Jianfeng Yan1, Jindong Xu1, Ruiying Zhang1, Pin Zhou2, Yaofeng Yuan1(), Yuanming Li1()   

  1. 1 College of Chemistry, Fuzhou University, Fuzhou 350108, China
    2 College of Electrical Engineering and Automation, Fuzhou University, Fuzhou 350108, China
  • Received:2022-09-29 Revised:2023-02-28 Online:2023-05-24 Published:2023-03-25
  • Contact: * e-mail: Yaofeng_yuan@fzu.edu.cn(Yaofeng Yuan);Yuanming.li@fzu.edu.cn(Yuanming Li)
  • Supported by:
    National Natural Science Foundation of China(22071025)
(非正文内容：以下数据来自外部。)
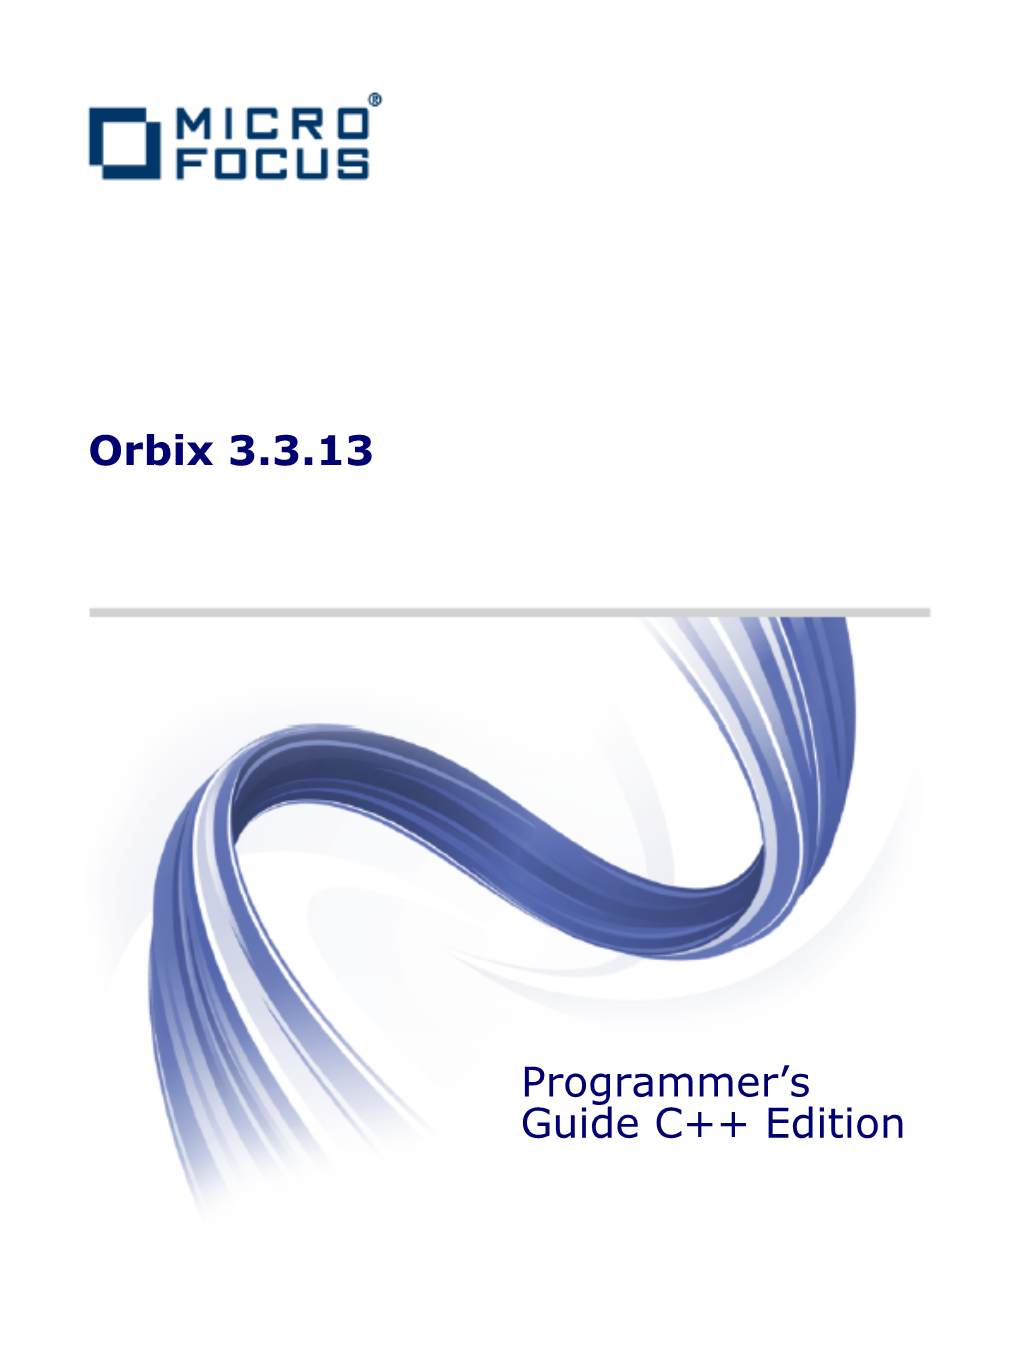 Orbix 3.3.13 Programmer's Guide C++ Edition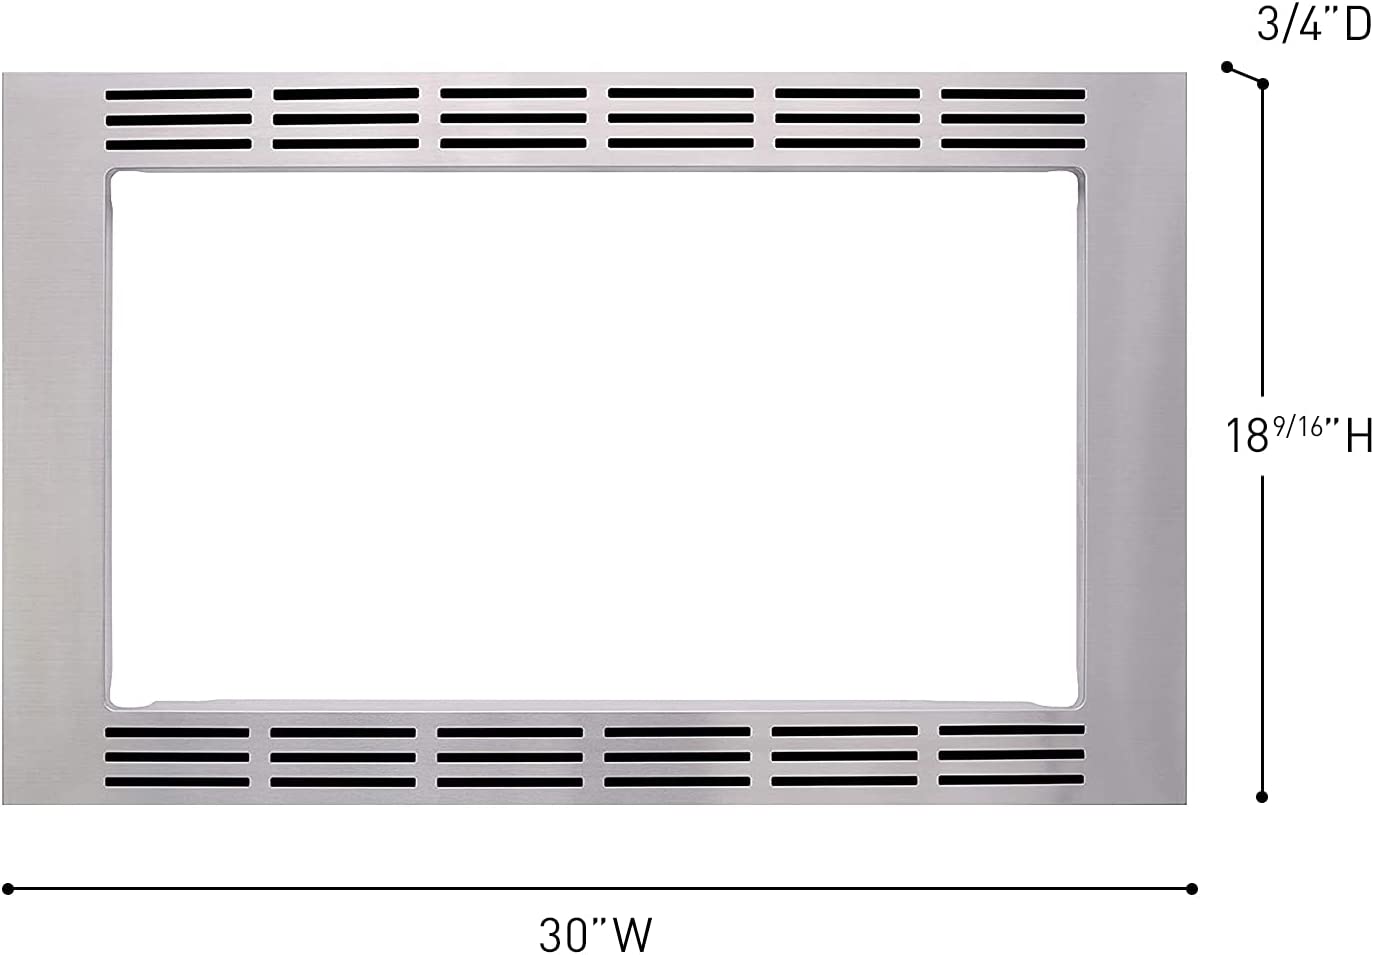 Panasonic NN-TK932SS 30" Trik Kit for 2.2 CF Microwave Ovens - Like New

碳材料的发展极大地推动了人类科技的进步。碳材料通过碳原子之间不同的键合方式、结构和排列,使其具有丰富的性质,并且更多新型碳材料还不断地被发现或合成出来。作为新型碳材料的纳米碳分子由于其本身所拥有的潜在优良性质,在有机电子学、材料科学如生物材料等领域具有广阔的应用前景,因此被誉为是未来最有开发前景的材料。在过去的四十年里,新型纳米碳分子的发现和创造已彻底改变了碳材料的格局,打开了一扇通往全新科学领域的大门。本文重点介绍了近年来具有新颖拓扑结构的纳米碳分子的结构特征以及如何通过有机合成的手段对其进行精准构筑。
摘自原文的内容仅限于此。